As I moved, I spotted a figure on the ground, a ragged bloody crater where his chest had been. He had an M-60 machine gun strapped across his shoulders. I yanked it loose. Something snapped under his back, where the strap ran across it. Or maybe it snapped inside his back; his eyes came open and he looked at me. No voice could be created by those shredded lungs, and yet I heard a mewling sound. He looked at me as a baby might look at a man who broke its arm—as if asking why I had done this to him. I scooped the M-60 into my arms and moved out, the salt tang of tears biting my tongue, the weapon slick with blood. The man beside me grabbed the spare ammo box.
I fired the M-60 as I moved. The heavy thud of the weapon kicked reassuringly back against me as I fired. Its deep-throated voice—whop-bop-bop-bop-bop—comforted me. And then Jai appeared on my right.
It was like a magic act: he wasn’t there; then he appeared. He wore that tricky smile, carried a Swedish automatic rifle. His weapon had a faster rate of fire than my M-60. I heard him empty a magazine—Riiiiiiiiiiiiiiiiiiiiiiiiiiiip! Then I opened the deep voice of the M-60—whop-bop-bop-bop-bop! The twin sounds made my heart sing. It was the same beat, the same tune played by the lawn sprinklers of my childhood in Arizona—only louder and in a lower key. I recognized it and, in the midst of battle, I laughed. Tears ran down my face as I raced forward. Jai and I alternated fires, until the enemy was routed.
Friendship was forged; hatred turned to admiration, perhaps a type of love.
* * * *
Rick dumped the dregs from his canteen cup out the window into the narrow alley. “Is the door to his room as weak as the one on ours, do you think? If so, I can crack it with just one shell.” He was talking about his shotgun, about jamming it between the doorknob and jamb, blowing the bolt off the door with one shot.
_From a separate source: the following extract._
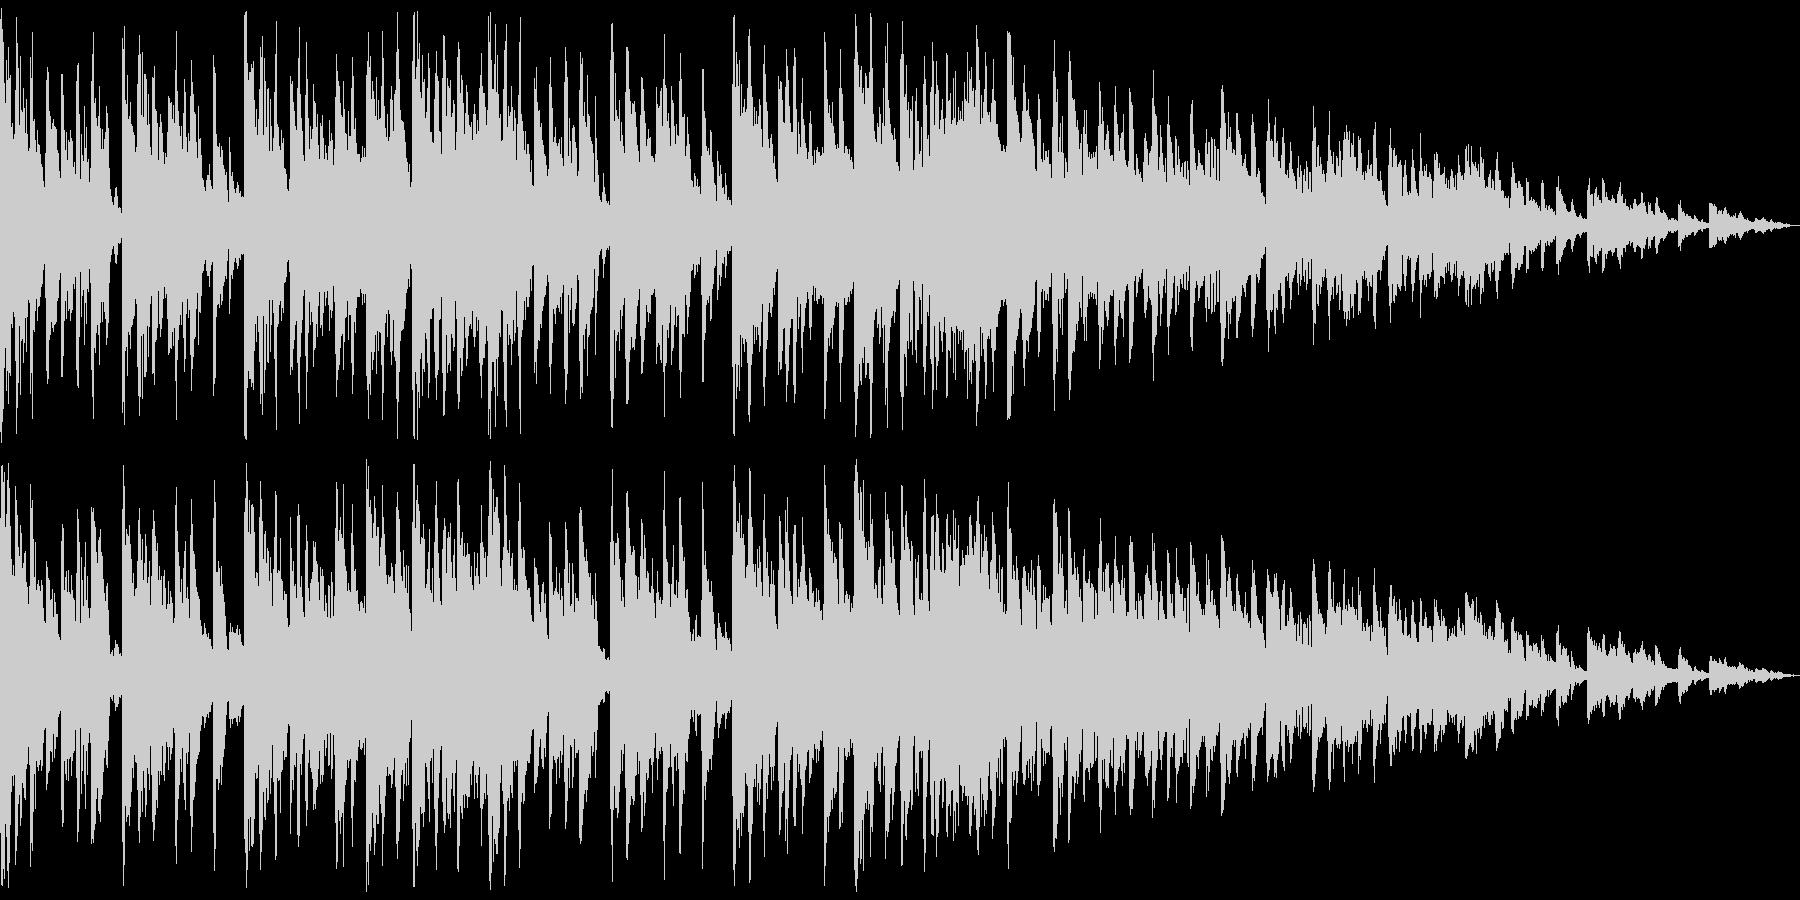 デジタルと生楽器を融合した日常的な曲の未再生の波形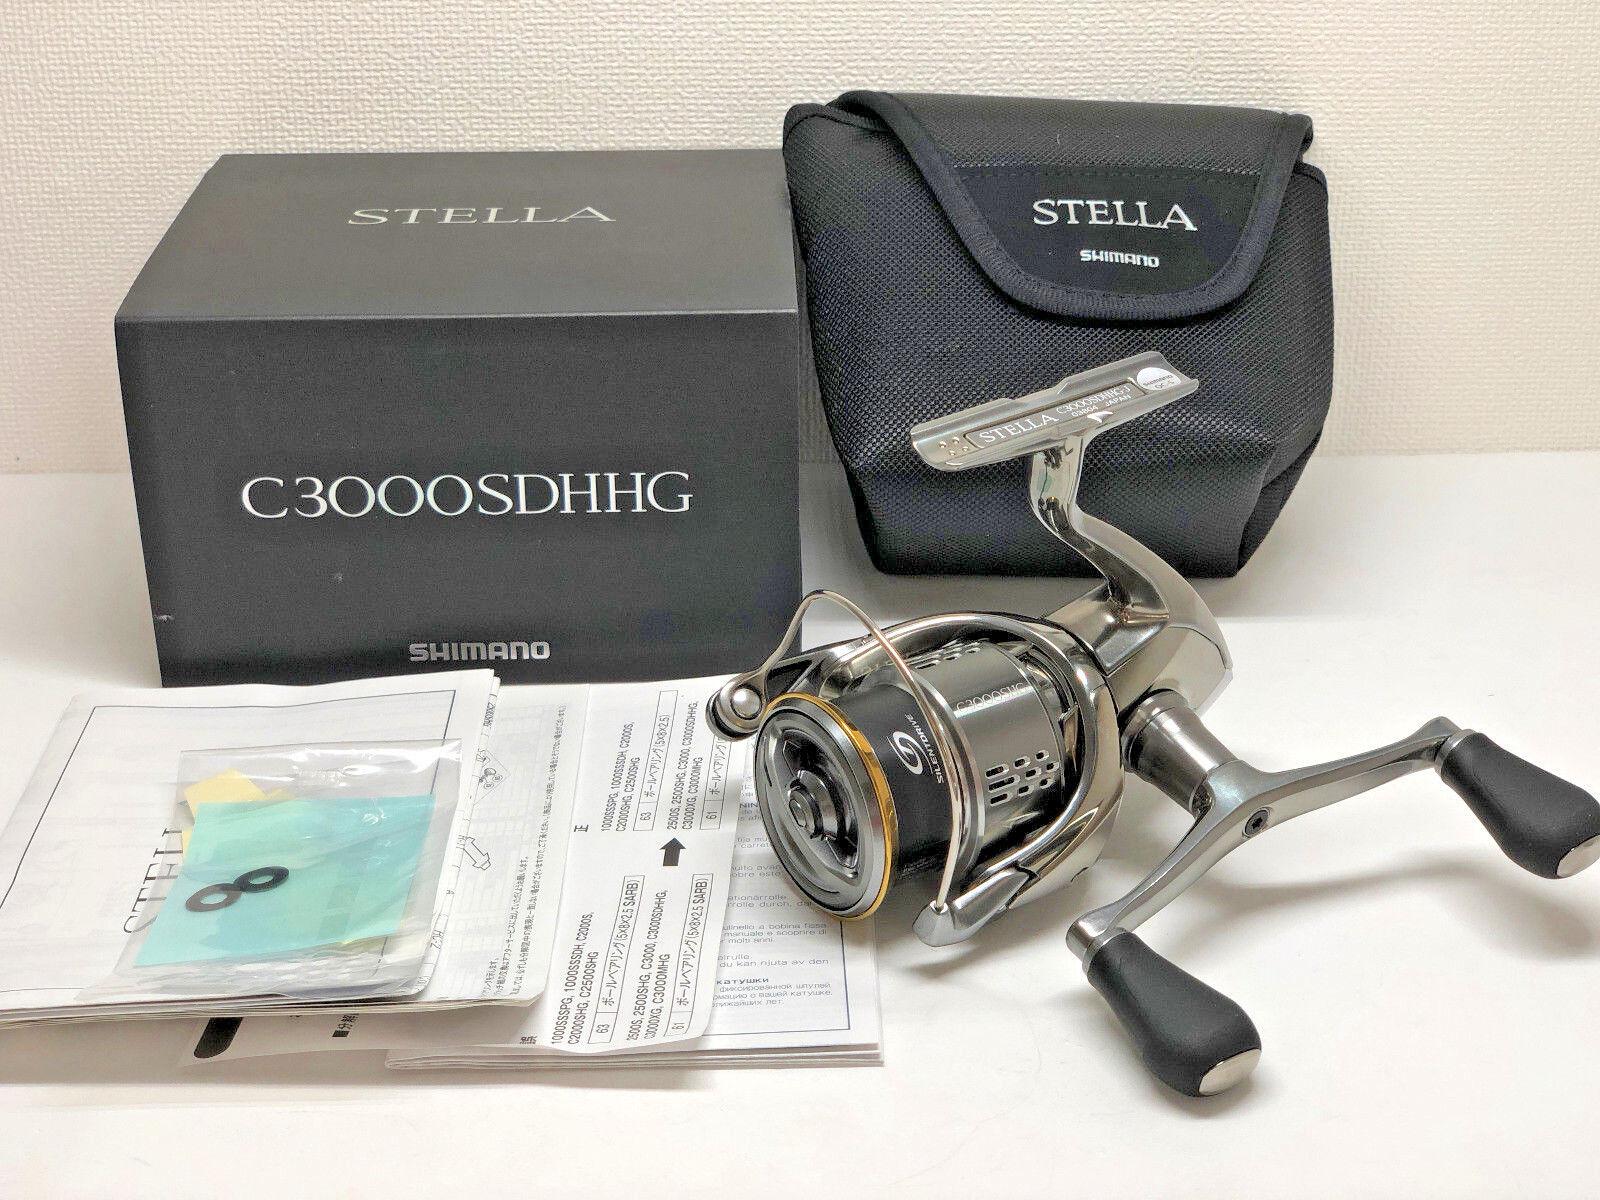 Shimano 18 Stella C 3000 sdhhg-Envío gratuito desde Japón

I peeled off the false beard I had been wearing, worked at the spirit gum with my fingernails. “The room I rented there had deadbolts.” I looked up at him as he walked back from the window, set his canteen cup upside down on a bunk post to dry. He was thinking two shots would crack it. Two quick shots from his pump shotgun, then we’d be in, be on him.
I shook my head. “They also have dressers in those rooms. Heavy dressers. Wide, but not too tall. I think he’ll have one across the door.” I saw Rick nod. “I think we need to blow a hole through the top half of his door. Maybe use the det cord to blow out a hole we can get in through. I’ve seen that done a couple times. It works. Maybe one of us outside, providing cover fire, while the other one goes in through the hole, makes sure with a head shot—maybe Mozambique him. Then we take the money and run.”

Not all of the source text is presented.